It’s not difficult to imagine a world where artificial intelligence (AI) -enabled systems operate our world’s power plants, solar and otherwise. Although the time when AI runs generation facilities may be a bit farther down the road, the increasing application of machine learning, automated data analysis and the Industrial Internet of Things (IIoT) has begun to make a profound difference in several business sectors—including energy generation. Where in the past we seemed to be drowning in a sea of data without meaningful insights, these tools have started to create information-rich environments, allowing us to make better decisions and putting us on the path toward greater efficiency, control, uptime and profitability.

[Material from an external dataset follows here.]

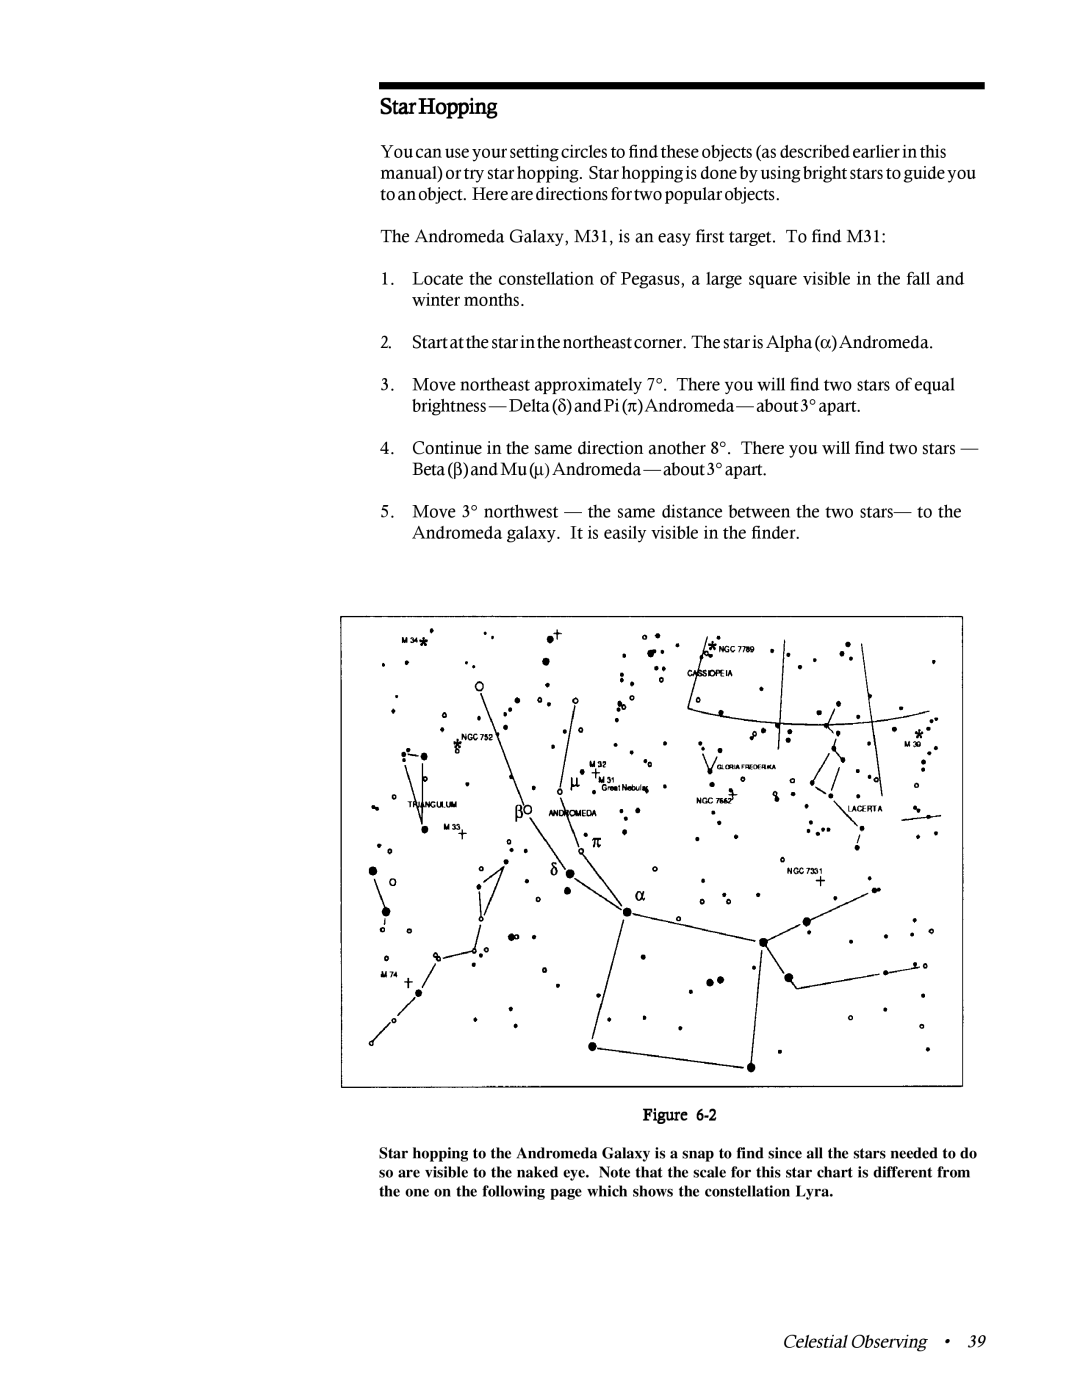 Celestron CR-150 HD instruction manual StarHopping, Celestial Observing 
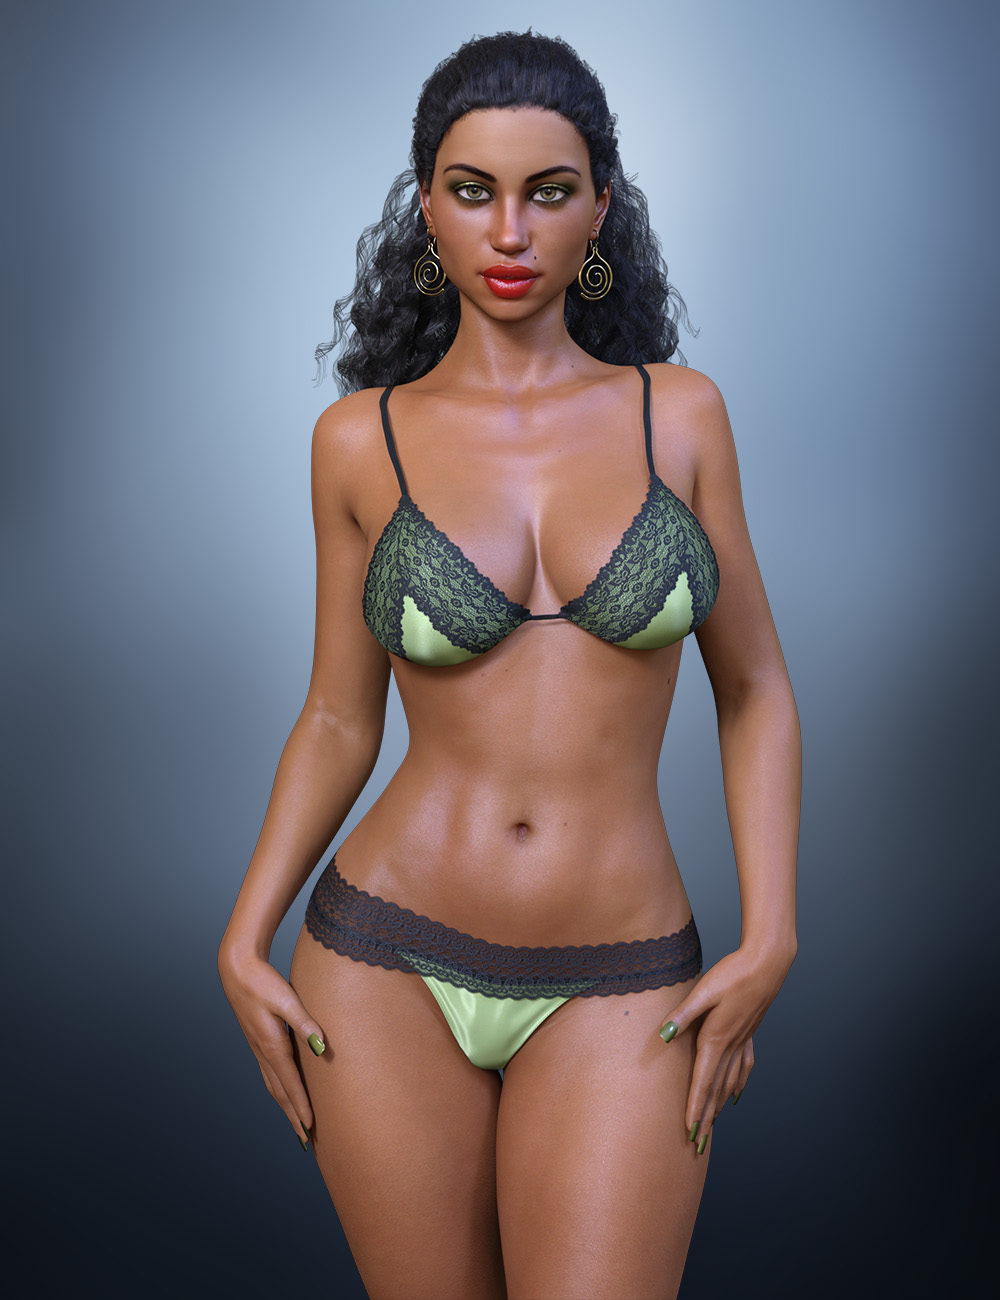 FWSA Shiloh HD for Lilith 7 by: Fred Winkler ArtSabby, 3D Models by Daz 3D

There is a plethora of opportunities provided by big data, machine learning and IIoT technology to drive new levels of performance, efficiency and cost savings. Digital asset management and operations are very much part of this narrative. It’s time to redefine asset management and operations by creating value through data connectivity and analytics, focusing on how data can help solar and storage asset owners, maintenance teams and operators in optimizing their plant performance, reducing their downtimes and maximizing their financial returns.
Predictive analytics and automated root cause analysis (RCA) are two of the most powerful machine learning techniques that can enhance digital asset management. As the amount of data grows and becomes more diverse, tools such as regression modeling can be used to perform predictive analytics to analyze the relationship between variables in the field and to find patterns in these large data sets, with the goal of predicting future events. Automated RCA uses techniques such as supervised learning algorithms to identify why a particular component or system has experienced an issue in the field.
The value of predictive analytics in digital asset management lies in the ability to predict impending issues with ample look-ahead time. This is critical because it provides huge cost savings not only by reducing any potential production downtime but also by enabling an efficient process for proactive corrective maintenance. At NEXTracker, with all the digitized asset information at our fingertips, we can scrape and analyze data from more than 400,000 sensor-embedded, Internet-connected tracker systems worldwide.
We can detect and manage issues remotely and react even before our customers report it. By gathering historical sensor data such as tracker angles, motor currents, weather-related data and other inputs, we can capture information about specific field issues, including component- and site-level concerns. The ability to run such predictive analytics in detecting and identifying field issues before they occur strikes a balance that optimizes maintenance and drives down costs.
When it comes to root cause analysis for equipment issues, many manufacturers have traditionally relied on onsite expert knowledge. Thanks to significant advances in data analytics and machine learning, root cause analysis can be performed using automated methods. The value of automated RCA translates into spending less time figuring out the problem and more time spent on actually fixing and—importantly—predicting it and dealing with it proactively.
Automated RCA benefits from the ability to analyze incoming sensor-data from field equipment and performing a time-series analysis of this data. Trends and data signatures associated with regular healthy operating conditions as well as anomalous conditions can be identified. A repository of such data signatures can be systematically built up for different anomalies that can then be used for automated RCA whenever a field issue is encountered. Eventually, work orders will be created automatically by the software to resolve any such issues.
As an example of application of these aforementioned machine learning techniques and advanced data analytics, let’s consider the scenario where there are field issues from installation variances within these tracker systems. While many EPC firms do stellar work, the quality and consistency of as-built conditions does vary significantly from site to site and around the world. Using the data garnered from aerial inspection on such factors as tracker pier height as well as tracker angles and motor currents drawn to move the trackers, contractors and asset owners can address the impacts of variabilities during and after the construction process—and minimize them in the future.
The ultimate goal will be to fully automate solar and storage asset management and operations based on accurate forecasting and planning, where a digital twin of a healthy functioning asset will be used as a blueprint to compare with real-time performance and to automatically detect anomalies and flag unhealthy trends—and reduce downtime to a bare minimum. One day in the not-too-distant future, these ever-smarter, data-connected systems will incorporate neural networks and deep learning capabilities—the building blocks of true AI.